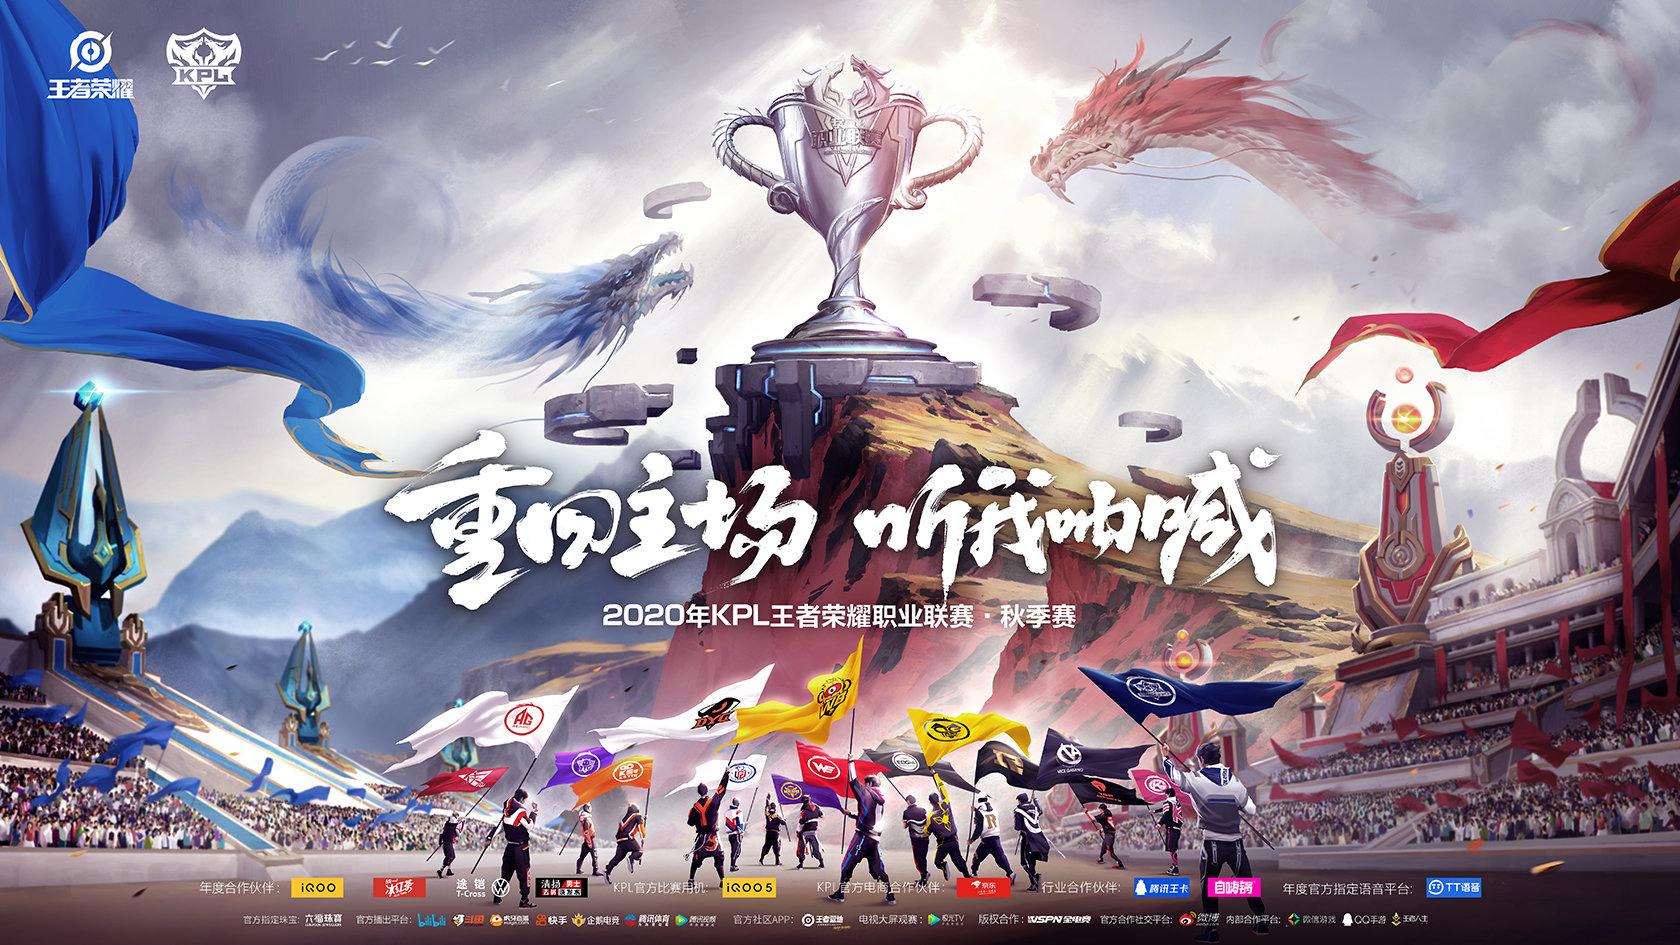 2020kpl秋季赛常规赛9月17日LGD大鹅vsDYG第二场比赛视频回放
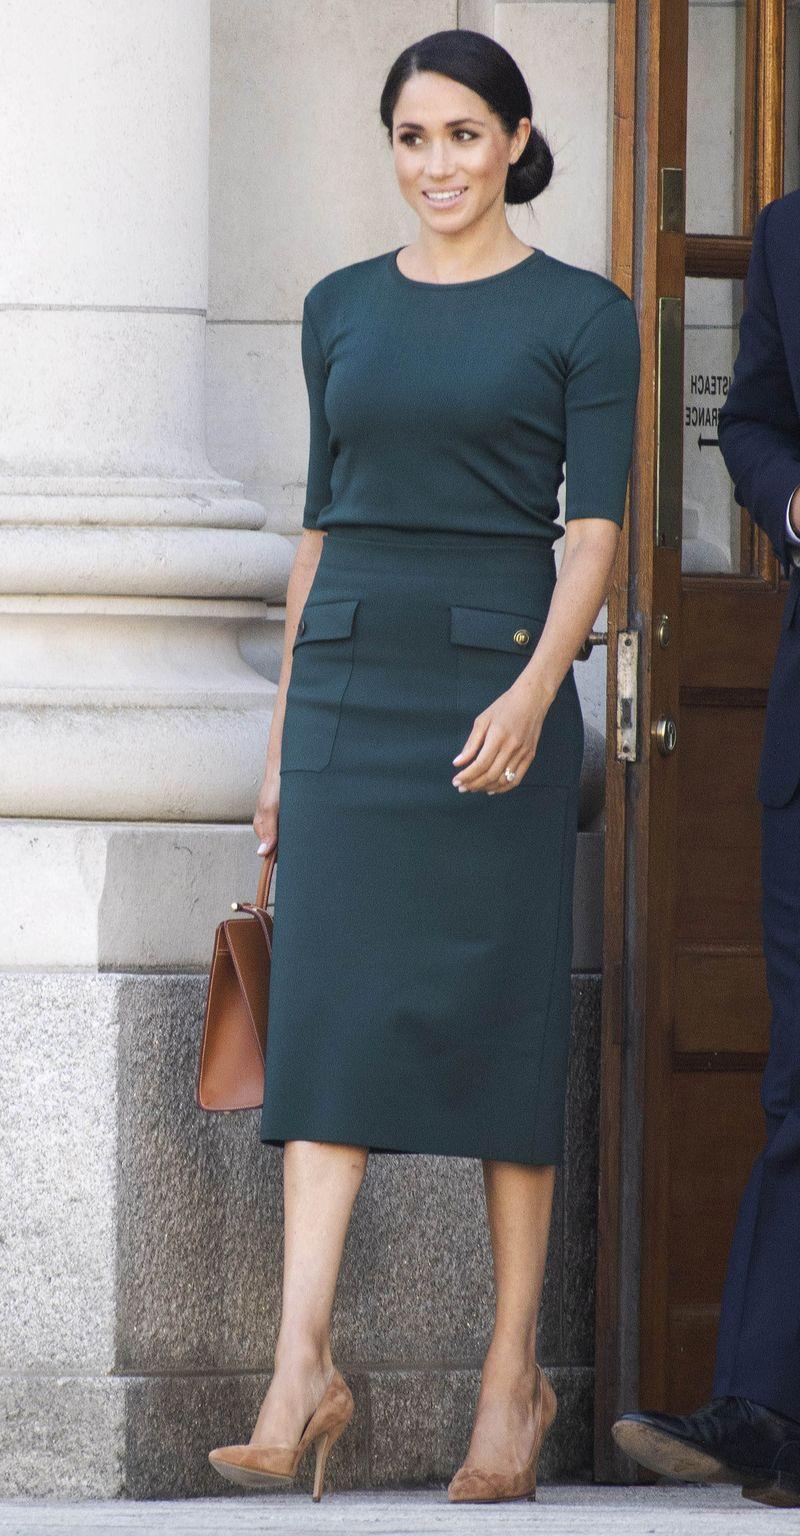 Meghan Markle w ołówkowej sukience w Dublinie (ZDJĘCIA)
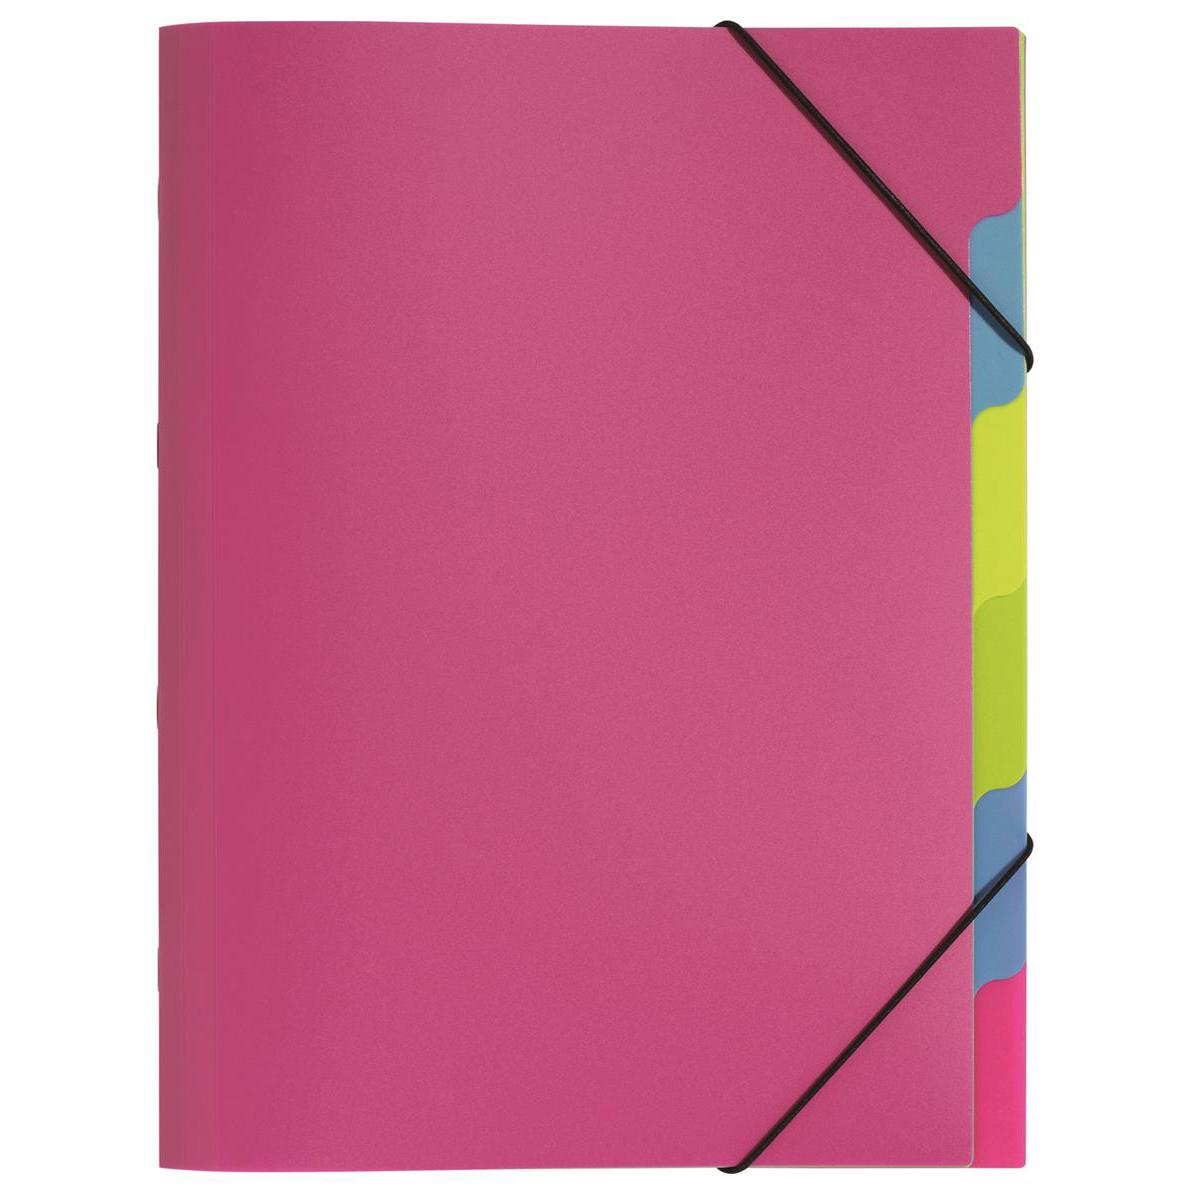 Pagna Fresh 5 Part File Elastic Corner Straps Polypropylene A4 Pink Ref 4180334 [Pack 10]
------
:: The task ::
All of the listing above has to be reproduced exactly, though without its images.

:: The answer ::
 2020kpl秋季赛常规赛9月17日LGD大鹅vsDYG第二场比赛视频回放
 Meghan Markle w ołówkowej sukience w Dublinie (ZDJĘCIA)
 Pagna Fresh 5 Part File Elastic Corner Straps Polypropylene A4 Pink Ref 4180334 [Pack 10]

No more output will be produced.